> Information supplied

▬▬▬▬▬▬

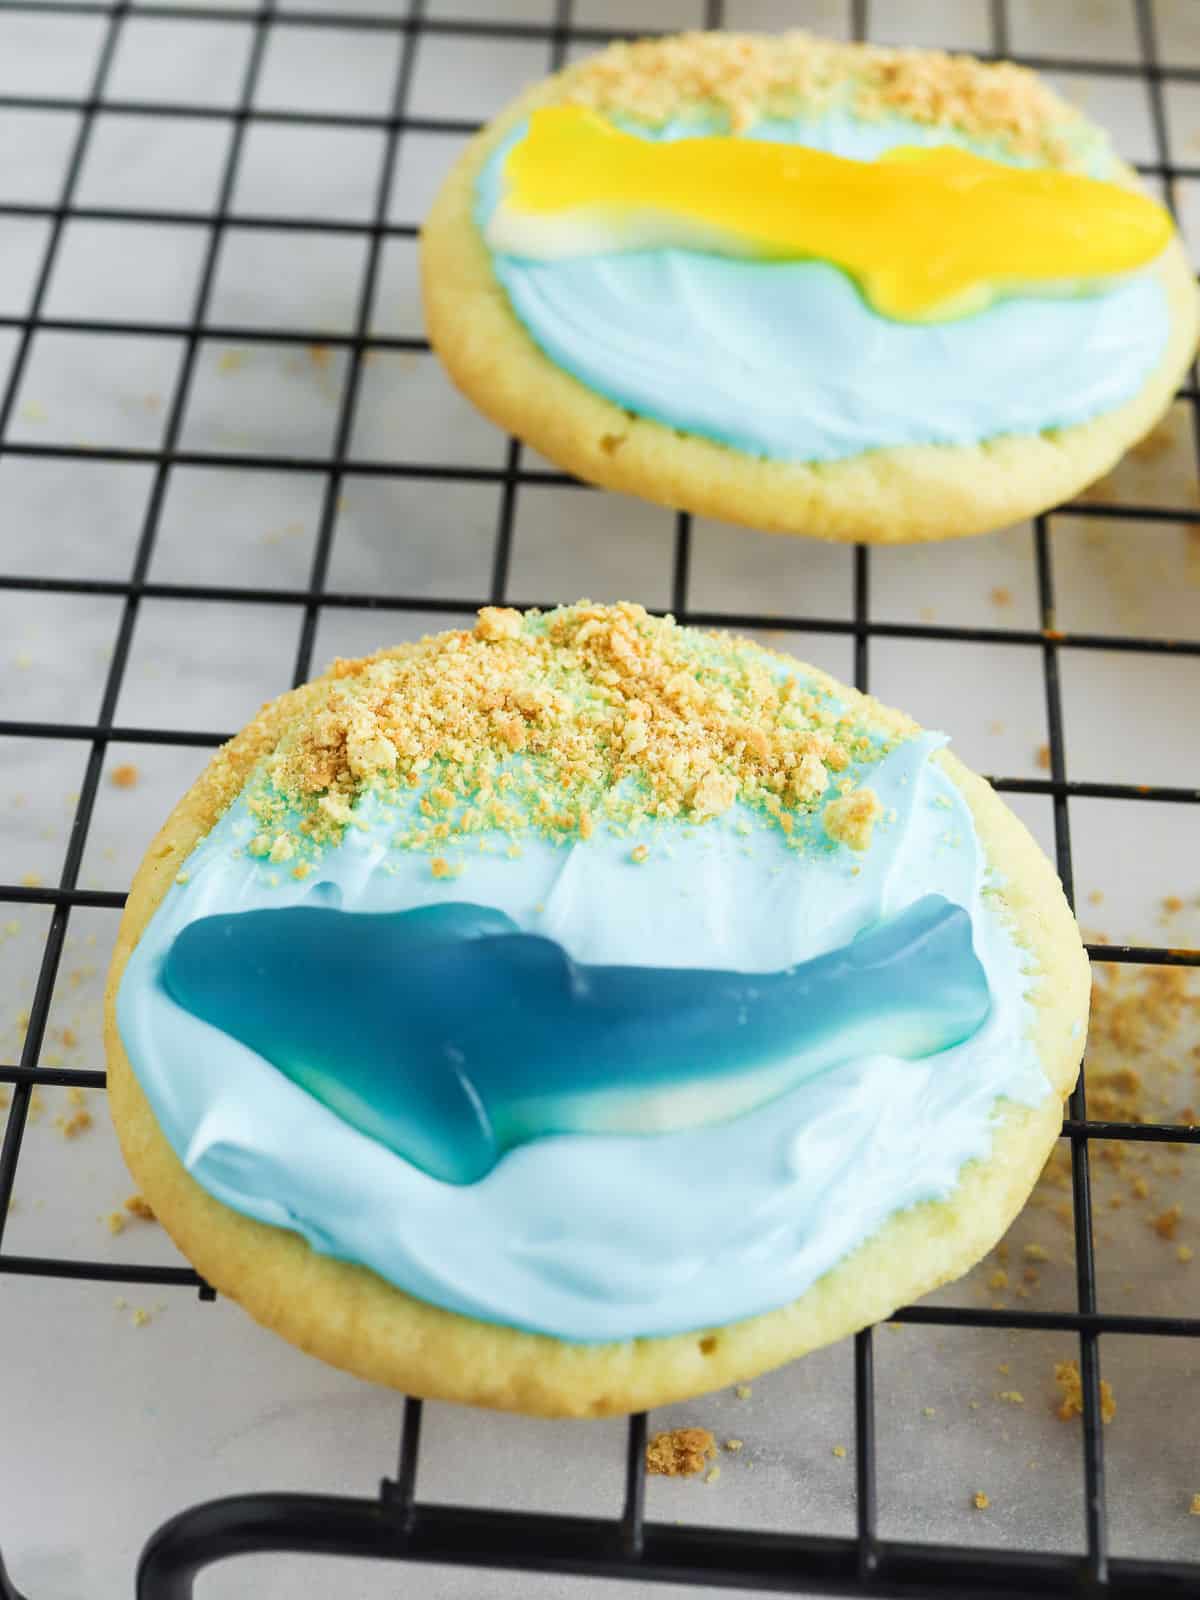 Two cookies decorated with blue and yellow icing on a cooling rack.
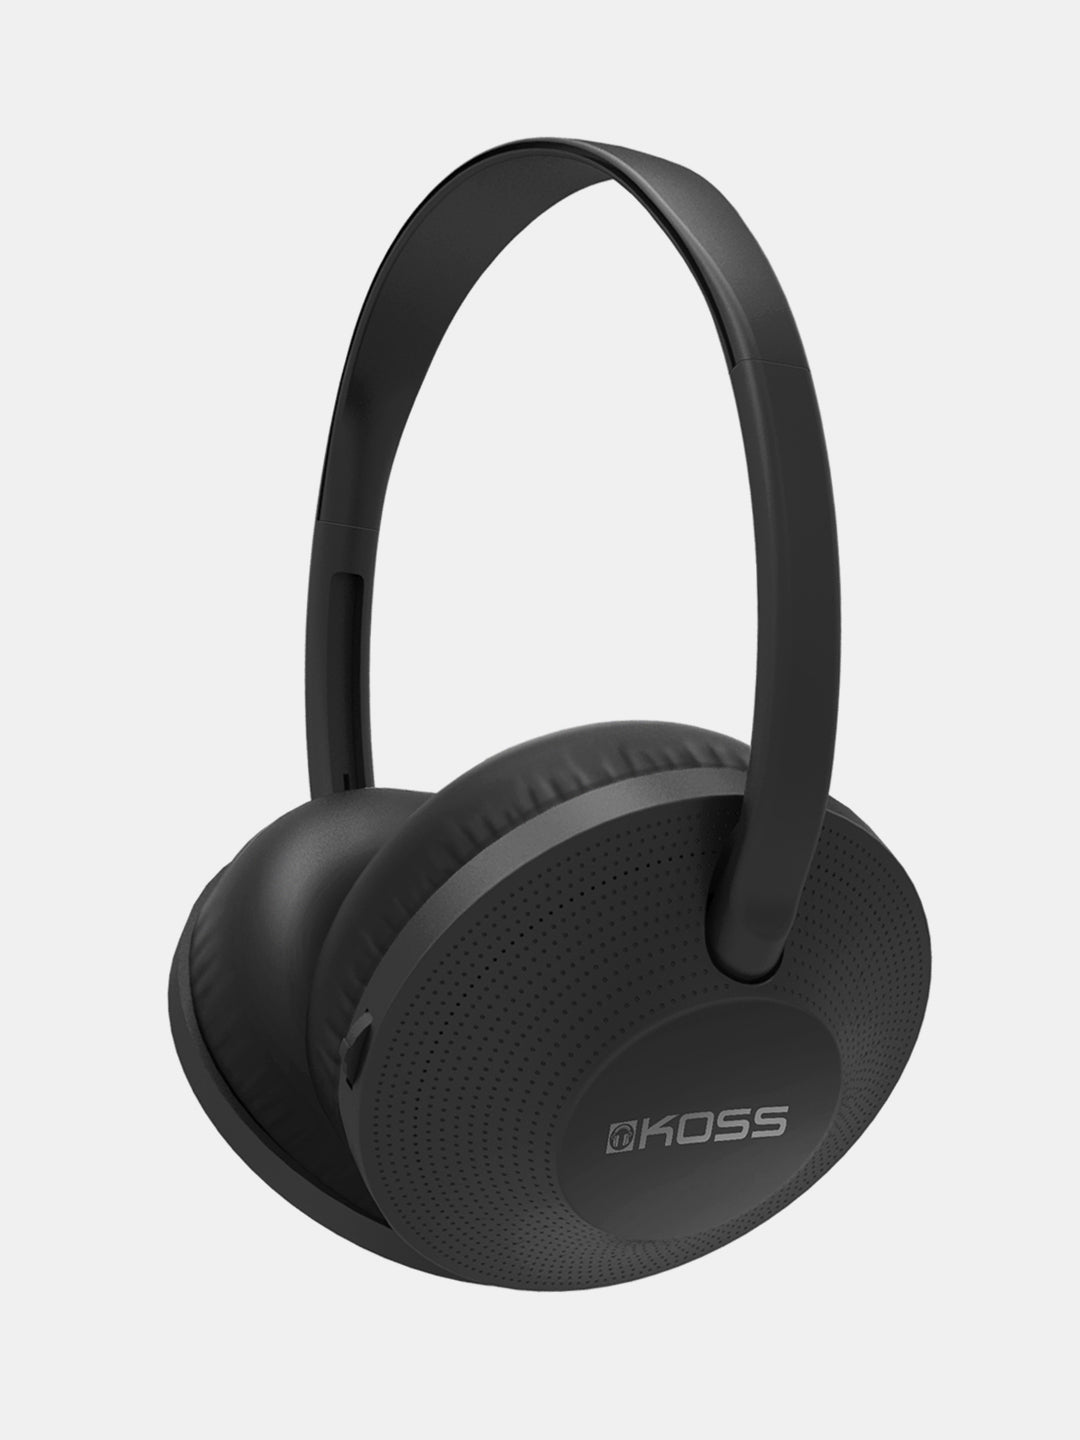 Frequently seen koss porta pro headphone review by influ pinterest🎧✨, Gallery posted by Primikono🫀
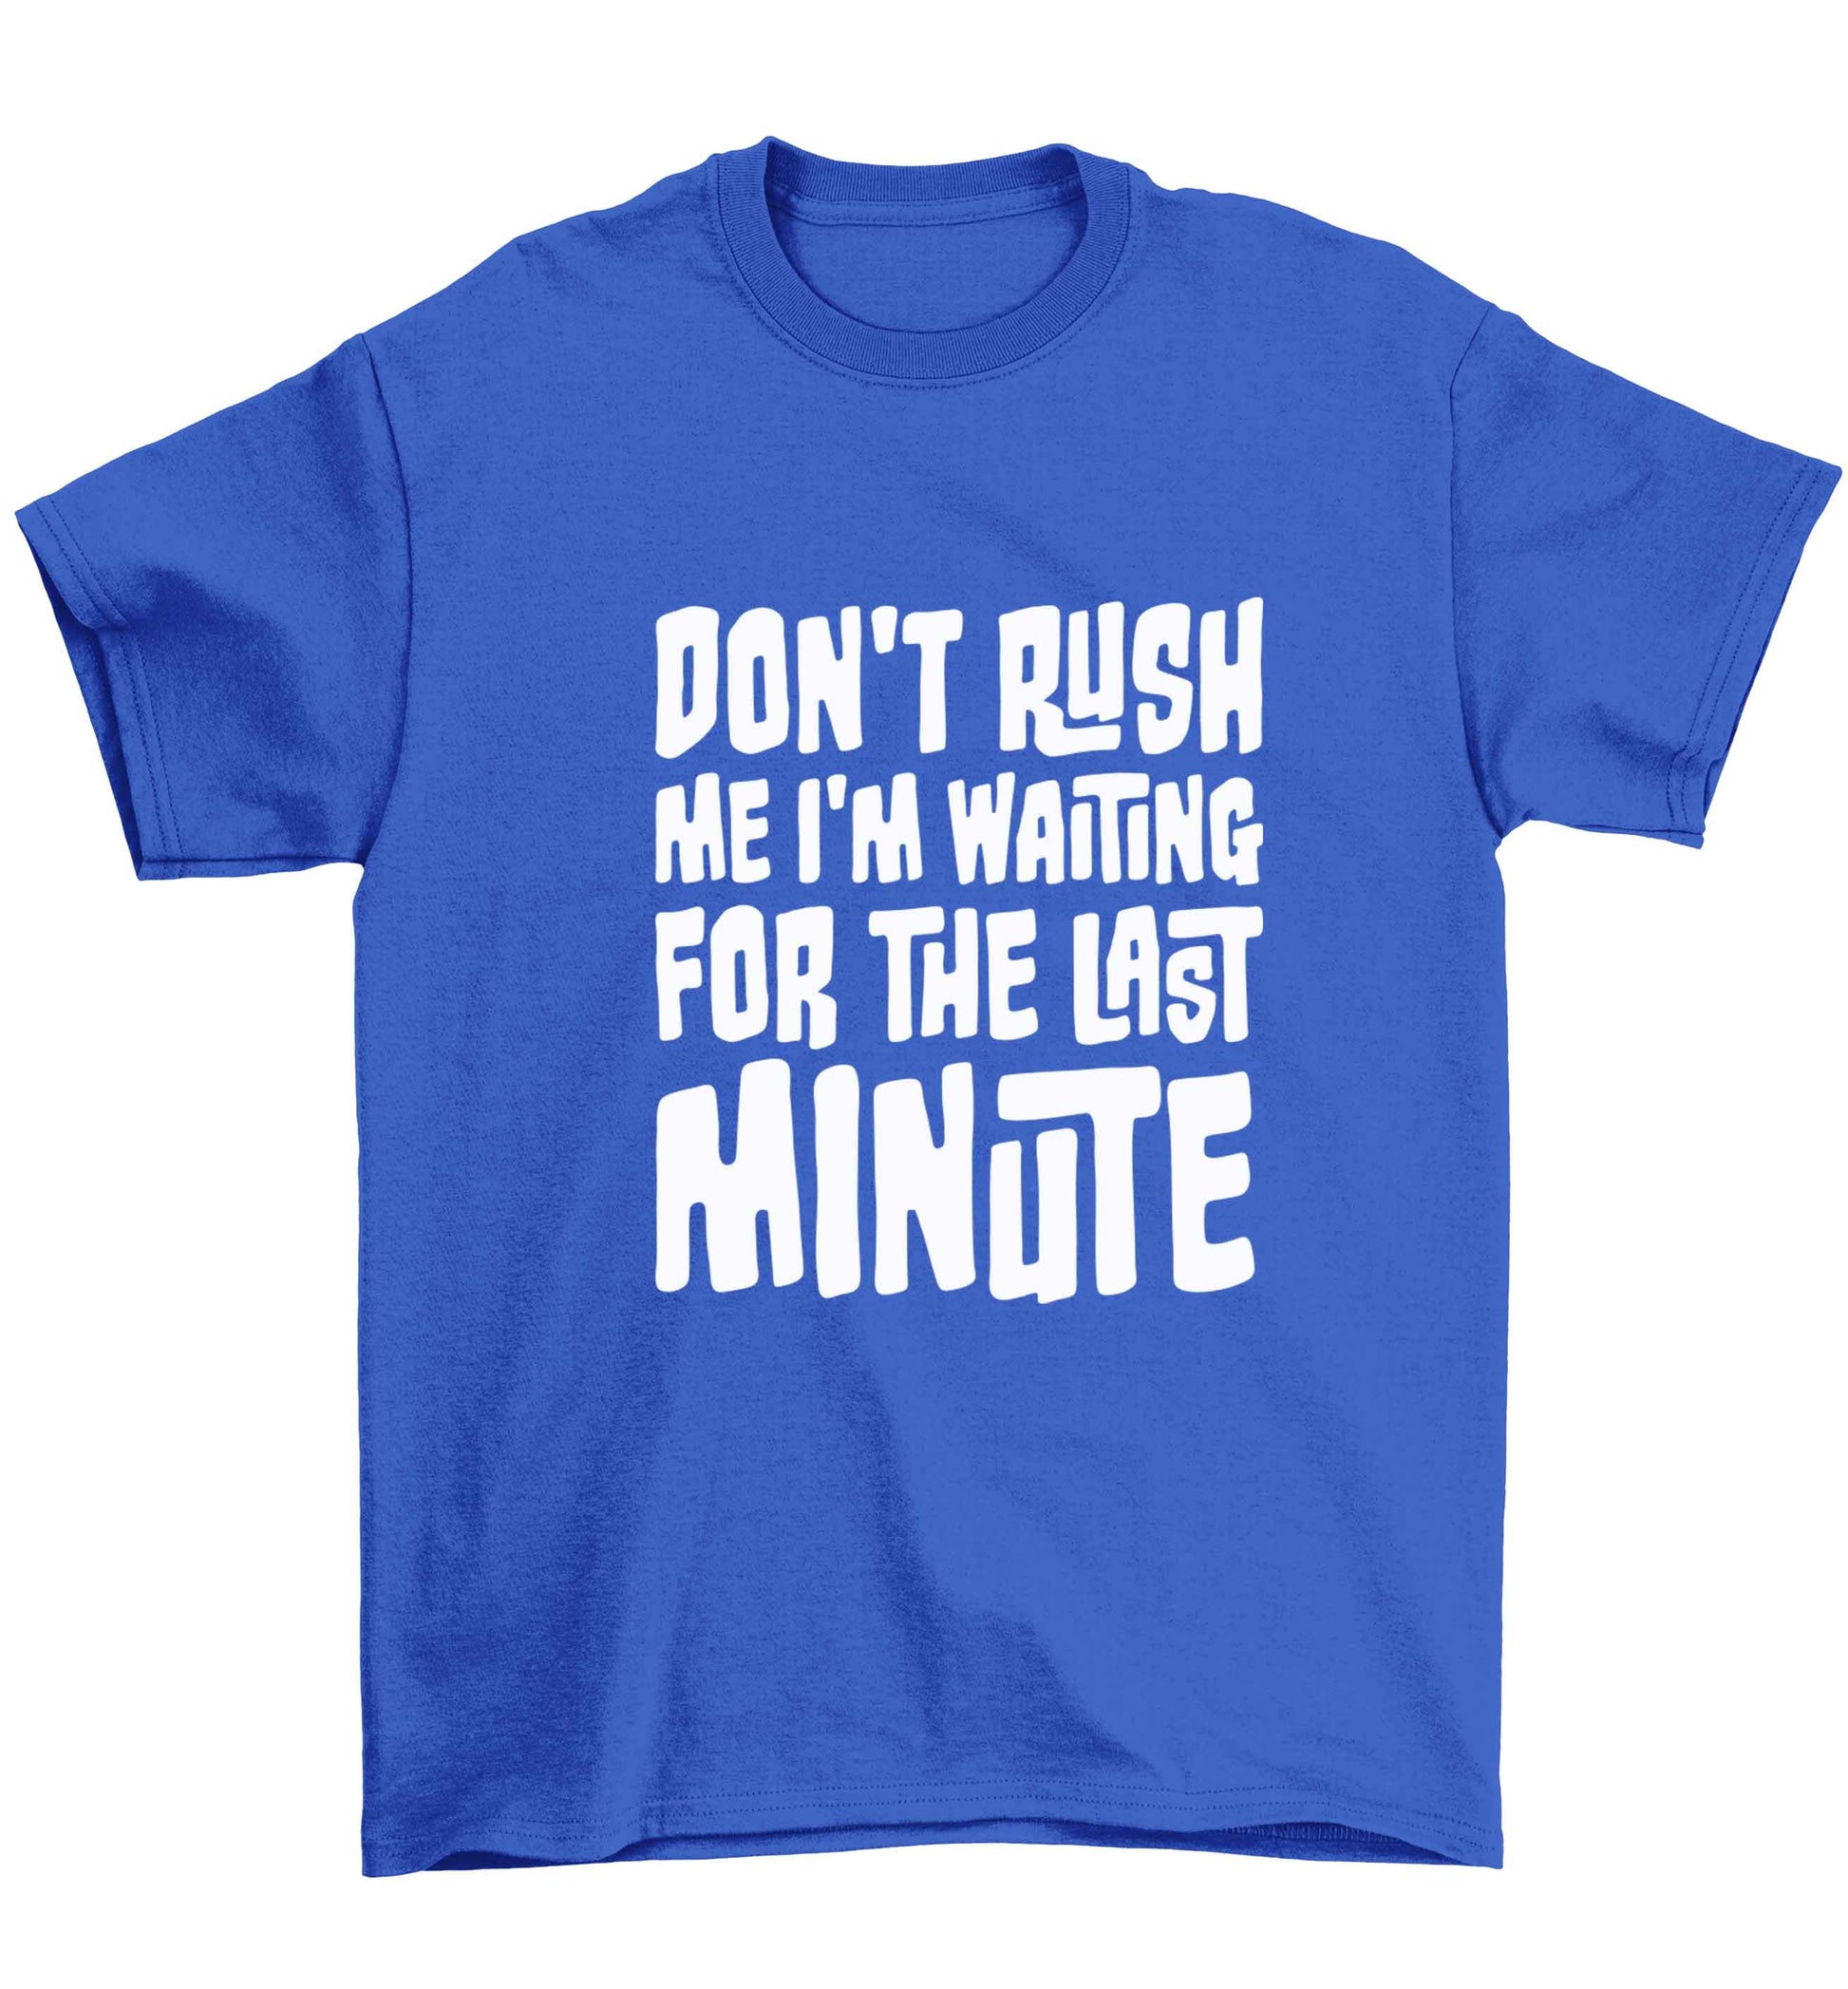 Don't rush me I'm waiting for the last minute Children's blue Tshirt 12-13 Years

▬▬▬▬▬▬

> Try it
Copy out every line of the material above exactly, skipping the pictures.

> Result for this exercise
 Two cookies decorated with blue and yellow icing on a cooling rack.
 Frequently seen koss porta pro headphone review by influ pinterest🎧✨, Gallery posted by Primikono🫀
 Don't rush me I'm waiting for the last minute Children's blue Tshirt 12-13 Years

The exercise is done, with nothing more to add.